Supplied material: Begin

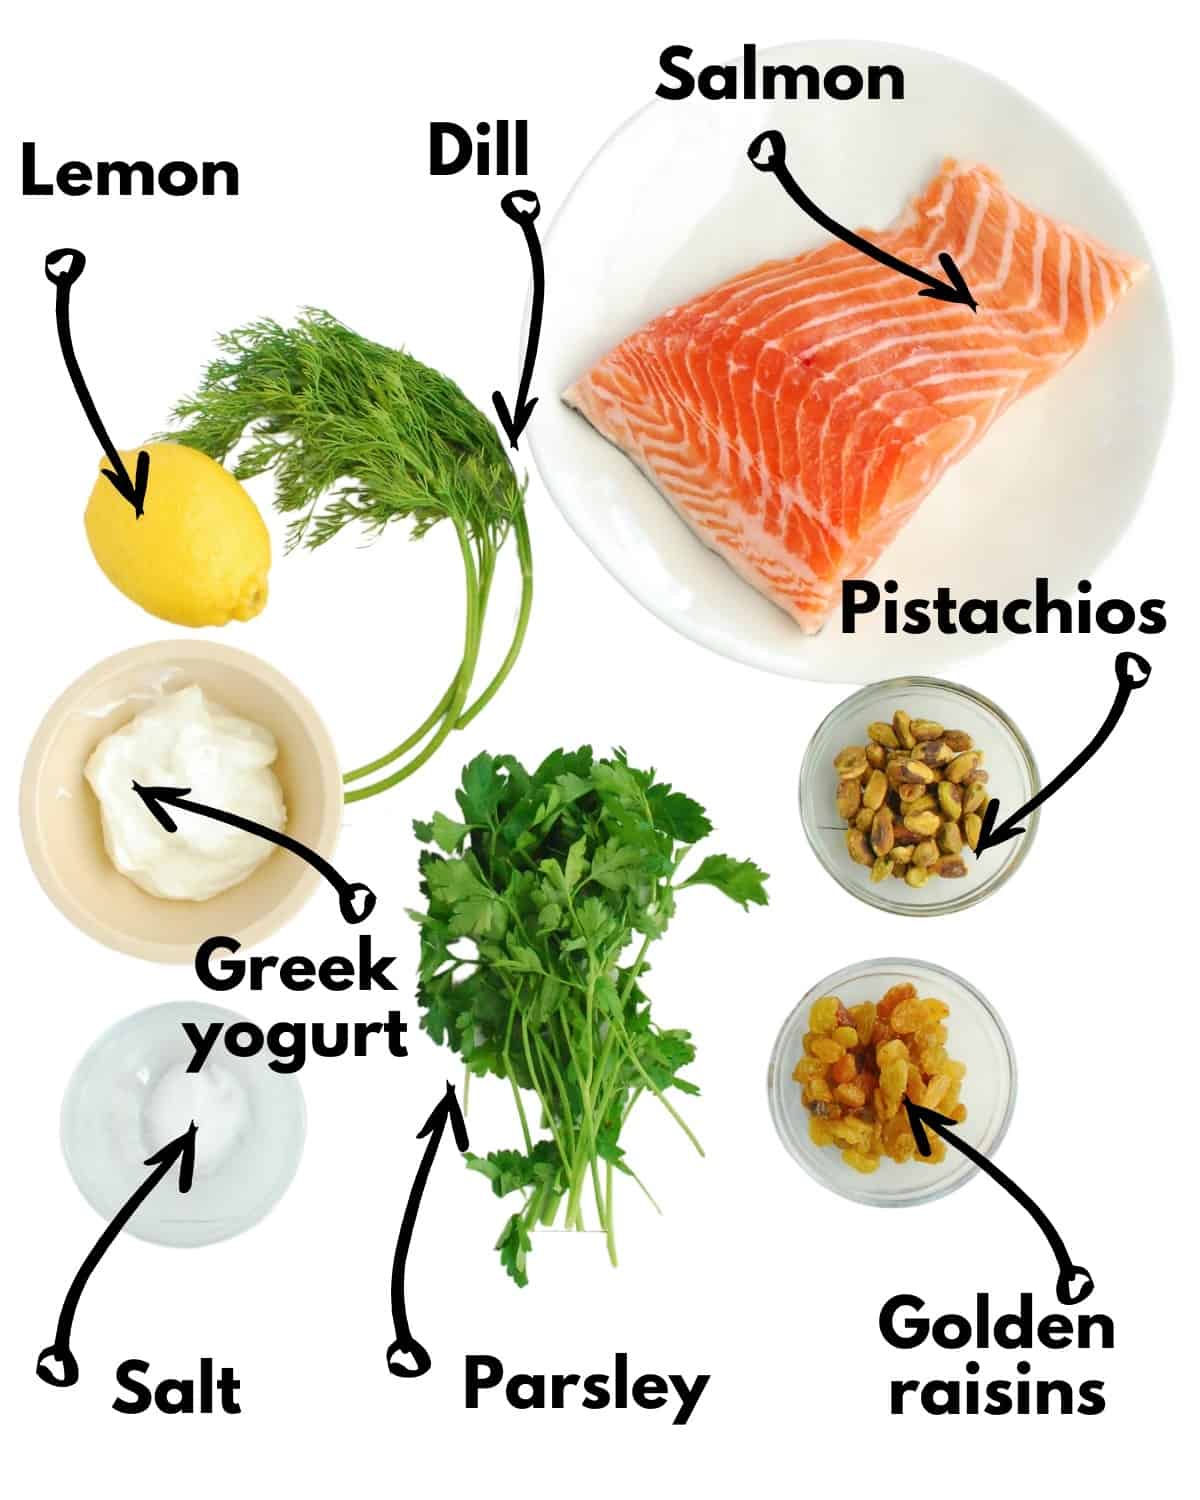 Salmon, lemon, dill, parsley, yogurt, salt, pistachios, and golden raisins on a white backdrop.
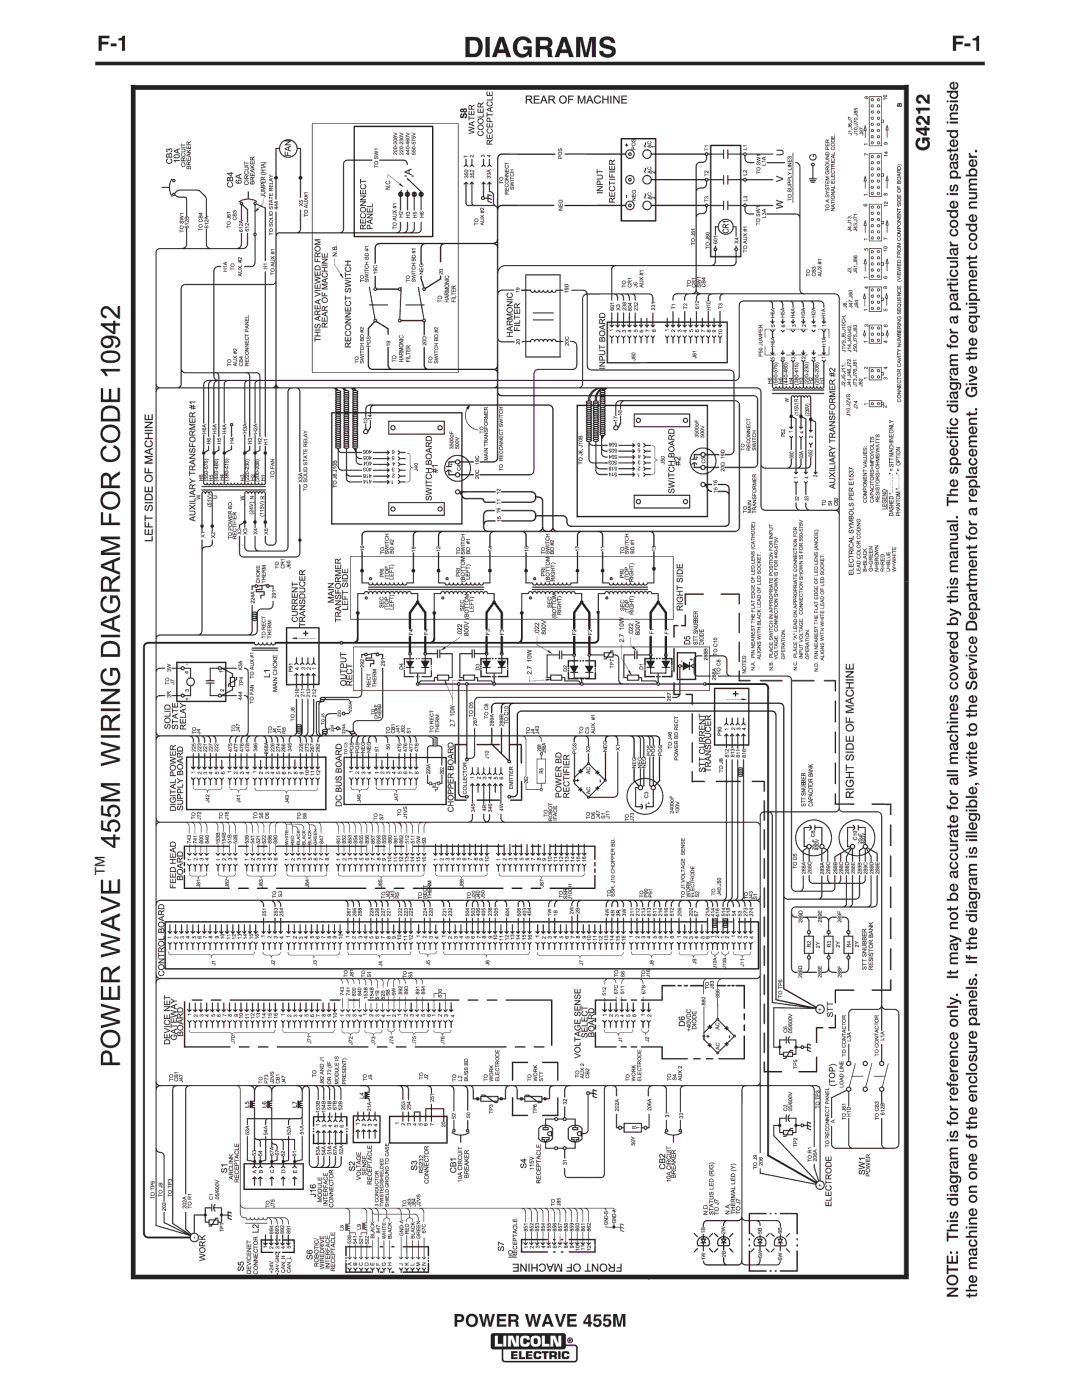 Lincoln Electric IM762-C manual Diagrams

Supplied material: End
Supplied material: Begin

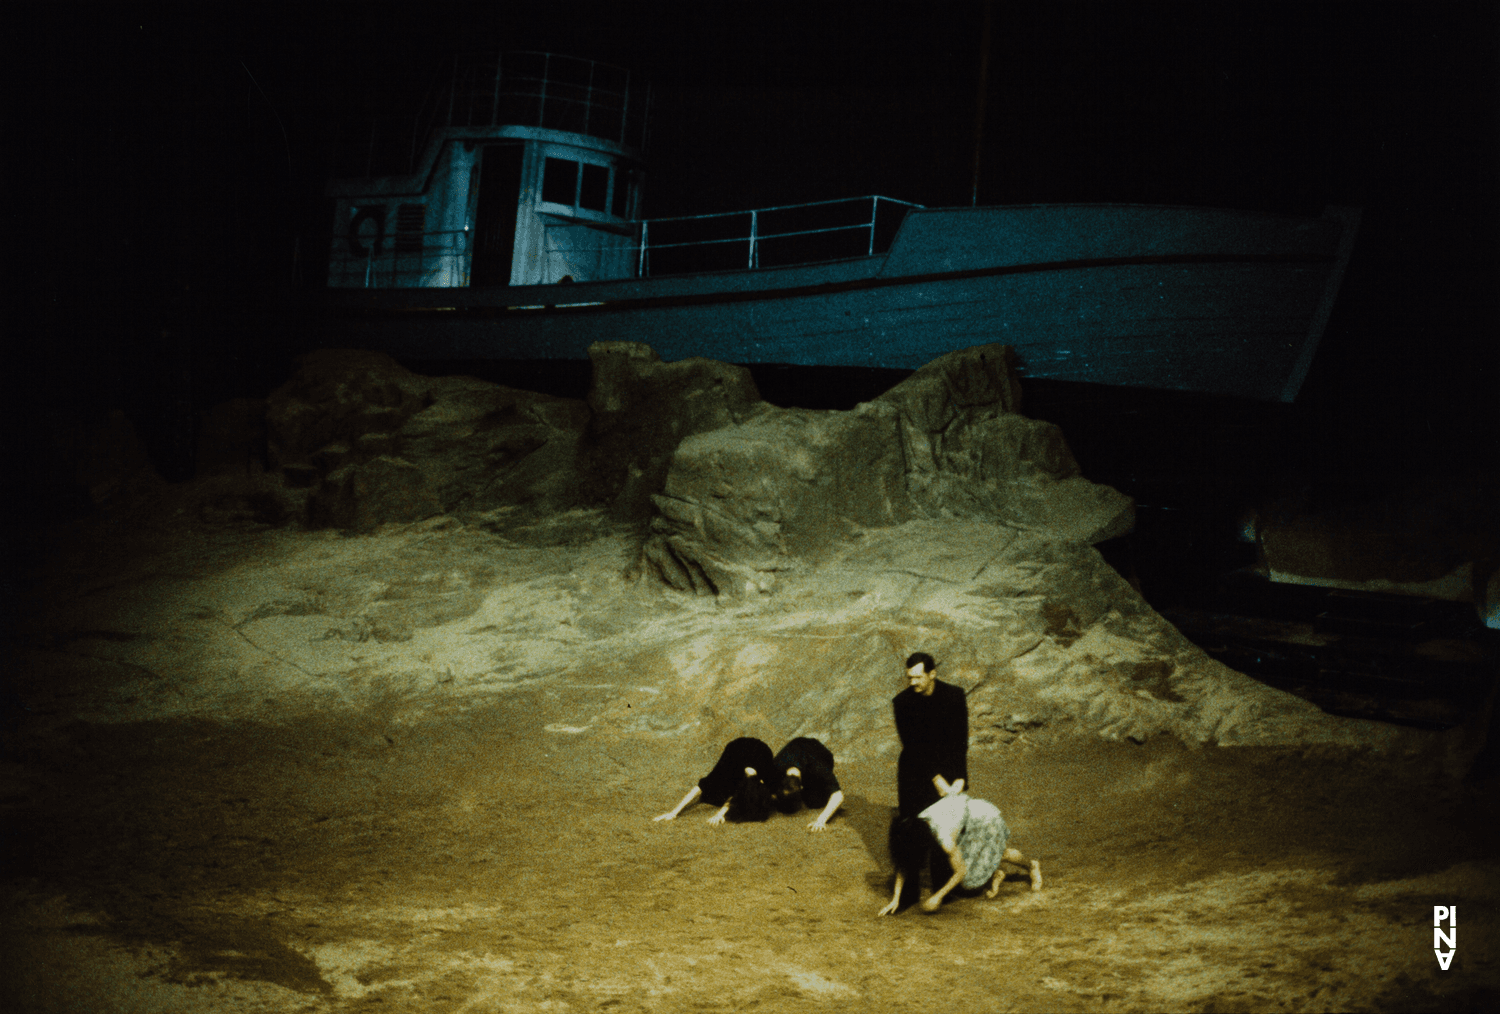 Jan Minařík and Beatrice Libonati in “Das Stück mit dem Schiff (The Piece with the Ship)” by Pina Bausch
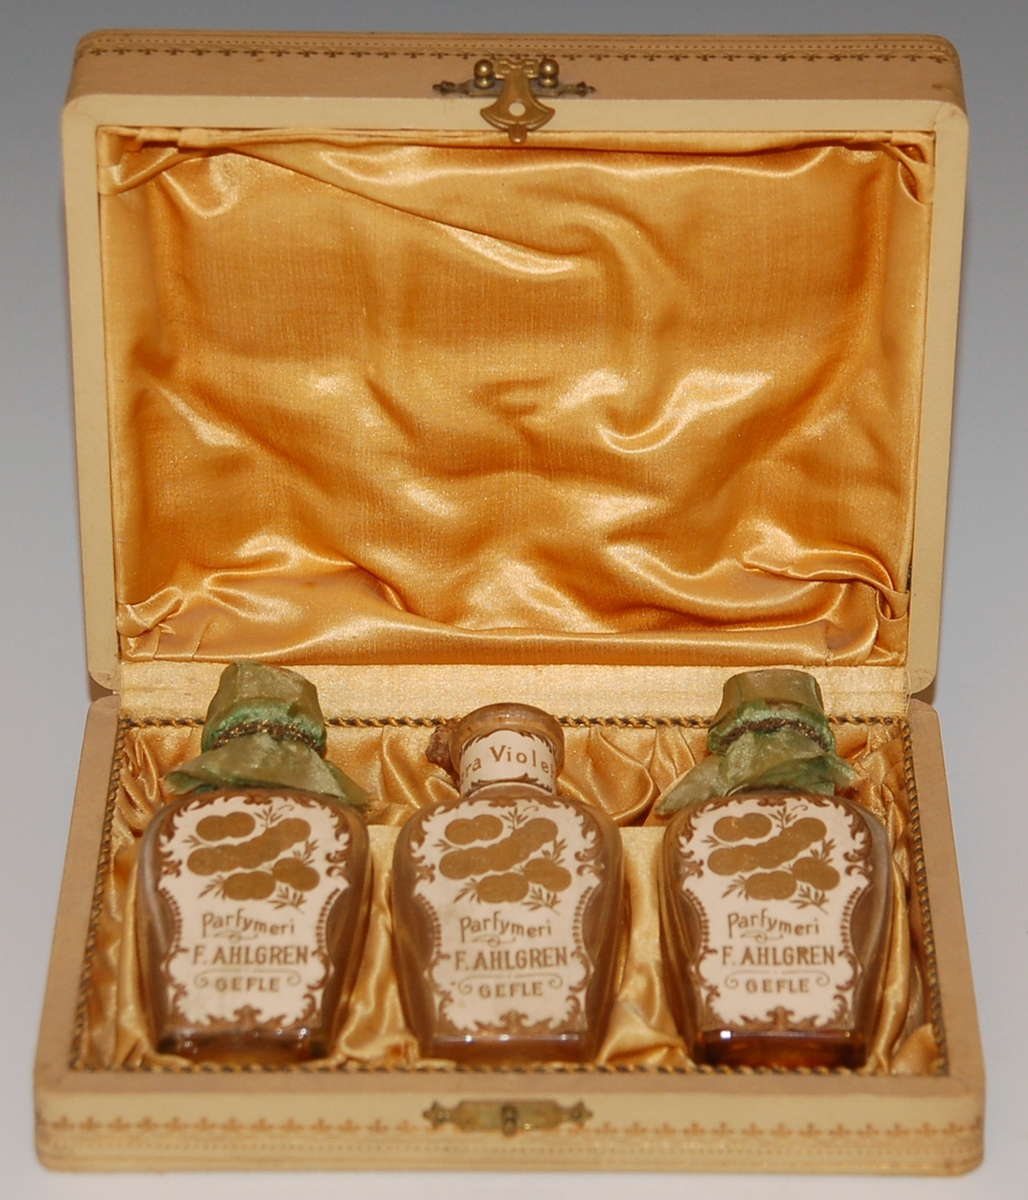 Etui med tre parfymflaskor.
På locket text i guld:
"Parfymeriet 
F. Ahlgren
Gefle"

Supplied material: End

**Task to complete:**
With pictures omitted, repeat the entries above word for word from the line holding "Salmon, lemon, dill, parsley, yogurt, salt, pistachios, and" down to the line holding "Lincoln Electric IM762-C manual Diagrams", keeping both of those lines.

**Answer:**
 Salmon, lemon, dill, parsley, yogurt, salt, pistachios, and golden raisins on a white backdrop.
 Lincoln Electric IM762-C manual Diagrams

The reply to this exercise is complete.